Participants were given a brief definition of sexual harassment and then asked 2 questionnaire items related to workplace sexual harassment: (1) whether they were subjected to sexual harassment from superiors or fellow workers, or (2) if they experienced sexual harassment from other individuals, such as patients, clients, passengers, or students. The response format was a 7-point Likert-type scale ranging from not at all during the previous 12 months to every day.

The findings

At follow-up, 4.7% (n=4218) of the cohort were diagnosed with CVD at a rate of 4.3 cases per 1000 person-years, and 4% (n=3624) were diagnosed with T2D at a rate of 3.6 cases per 1000 person-years.

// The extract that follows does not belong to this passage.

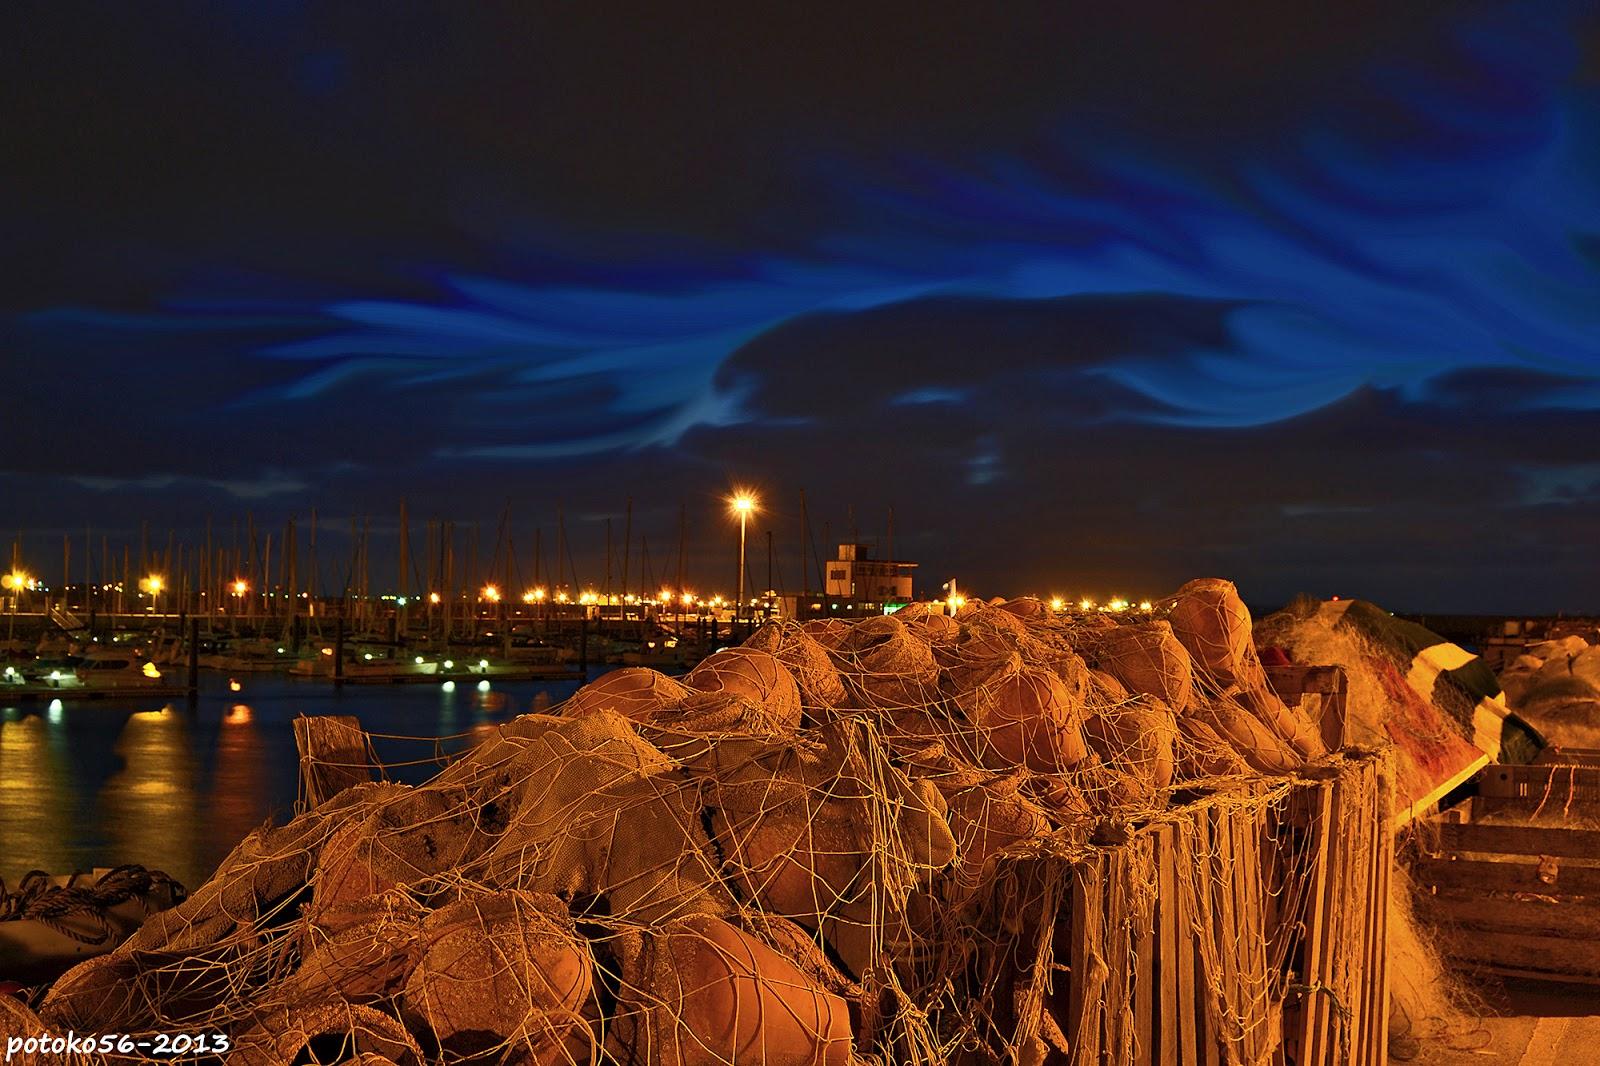 Muelle de Rota amanecer con Aurora Boreal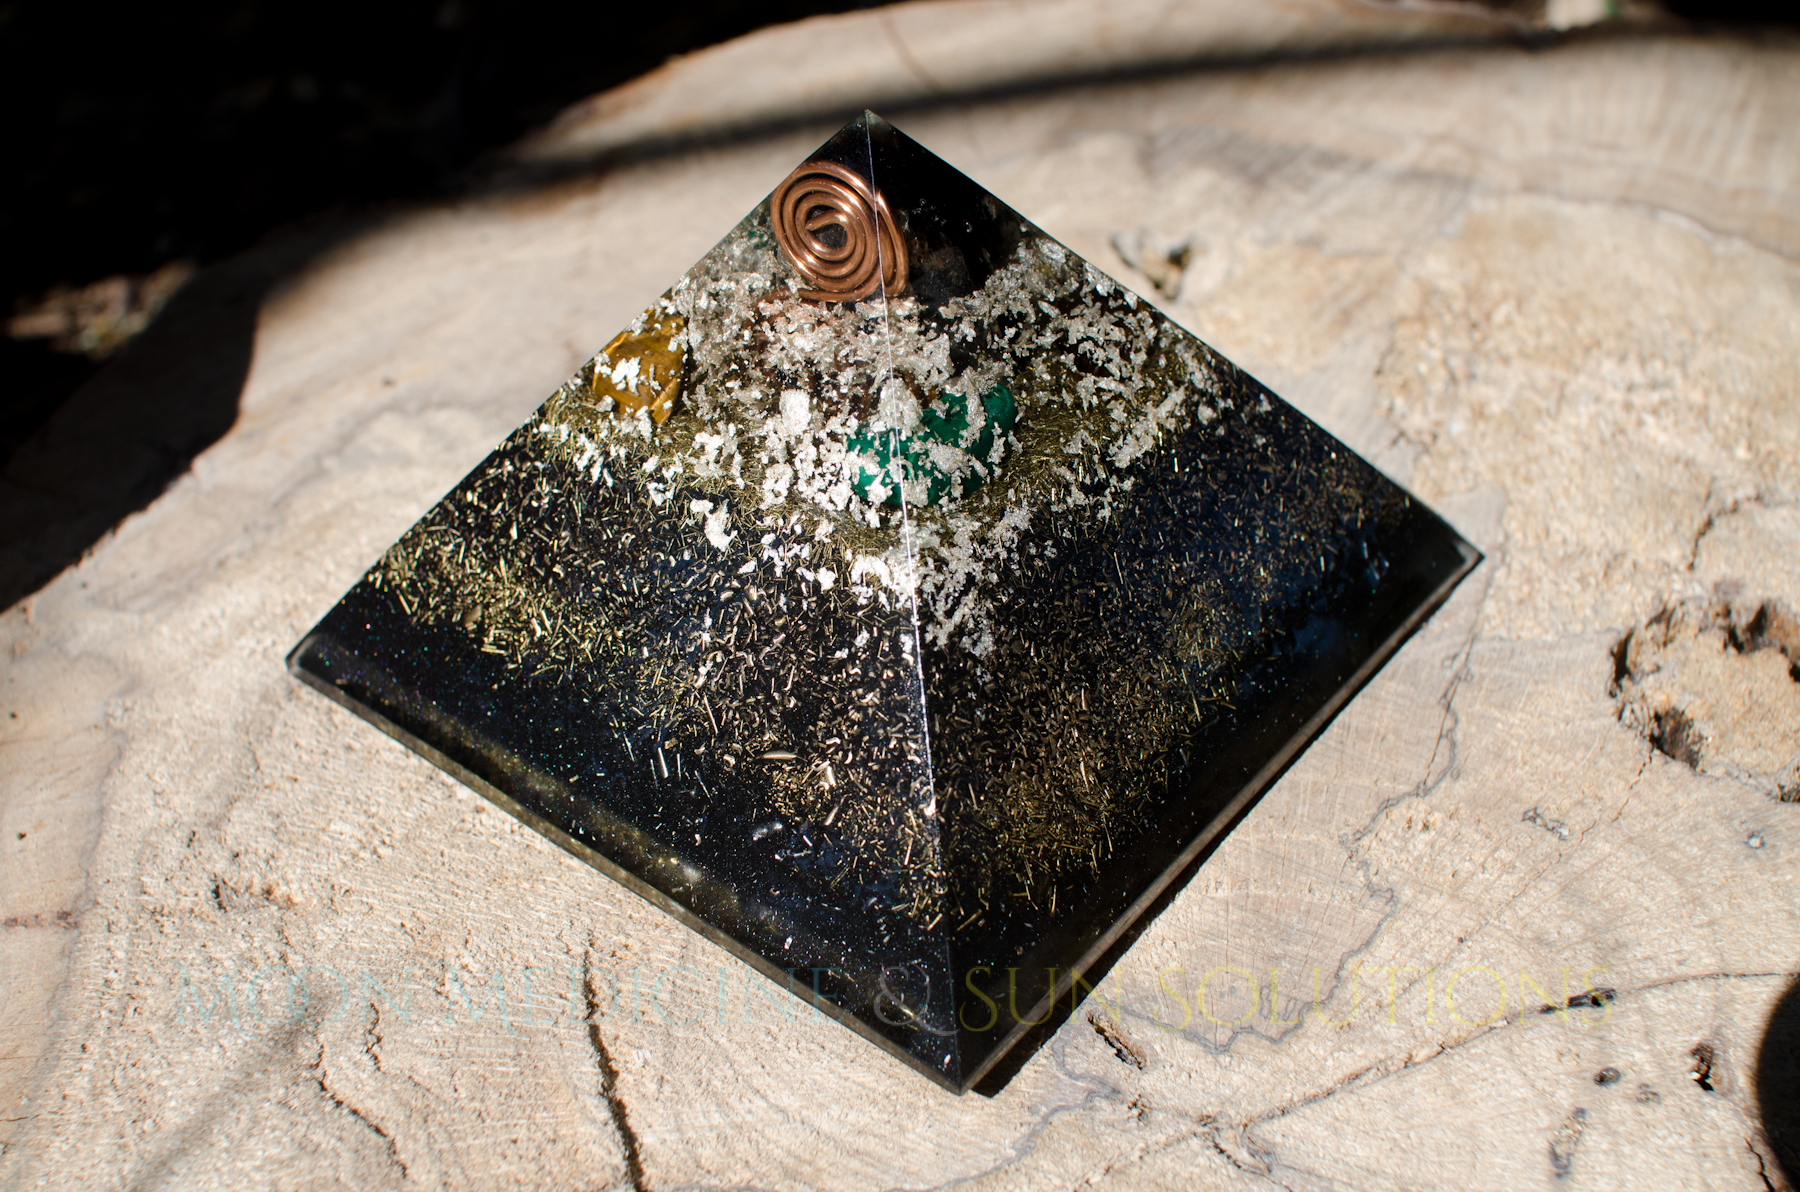 Etheric Caretaker (Cleanses Baggage, Silver to Balance Yang, Smokey Quartz to Dispel) - $188-9138.jpg

In the fully adjusted analysis, workplace sexual harassment was associated with an increased incidence of CVD (HR 1.25, 95% CI 1.03-1.51) and an even greater increased incidence of T2D (HR 1.45, 95% CI 1.21-1.73). Excess risk of CVD was observed among participants who were exposed to sexual harassment by superiors or their fellow workers (HR 1.57, 95% CI 1.15-2.15), but the risk when looking at sexual harassment from other individuals did not meet statistical significance (HR 1.16, 95% CI 0.93-1.45). The risk for T2D persisted whether it was by superiors and coworkers (HR 1.85, 95% CI 1.39-2.46) or other persons (HR 1.39, 95% CI 1.13-1.7).

Authors' comment

"This study supports prospective association between workplace sexual harassment and increased risk of cardiometabolic diseases...Given the importance of this association from the public health point of view, future research is warranted to clarify the causality and mechanisms behind these associations considering the severity of sexual harassment at workplace."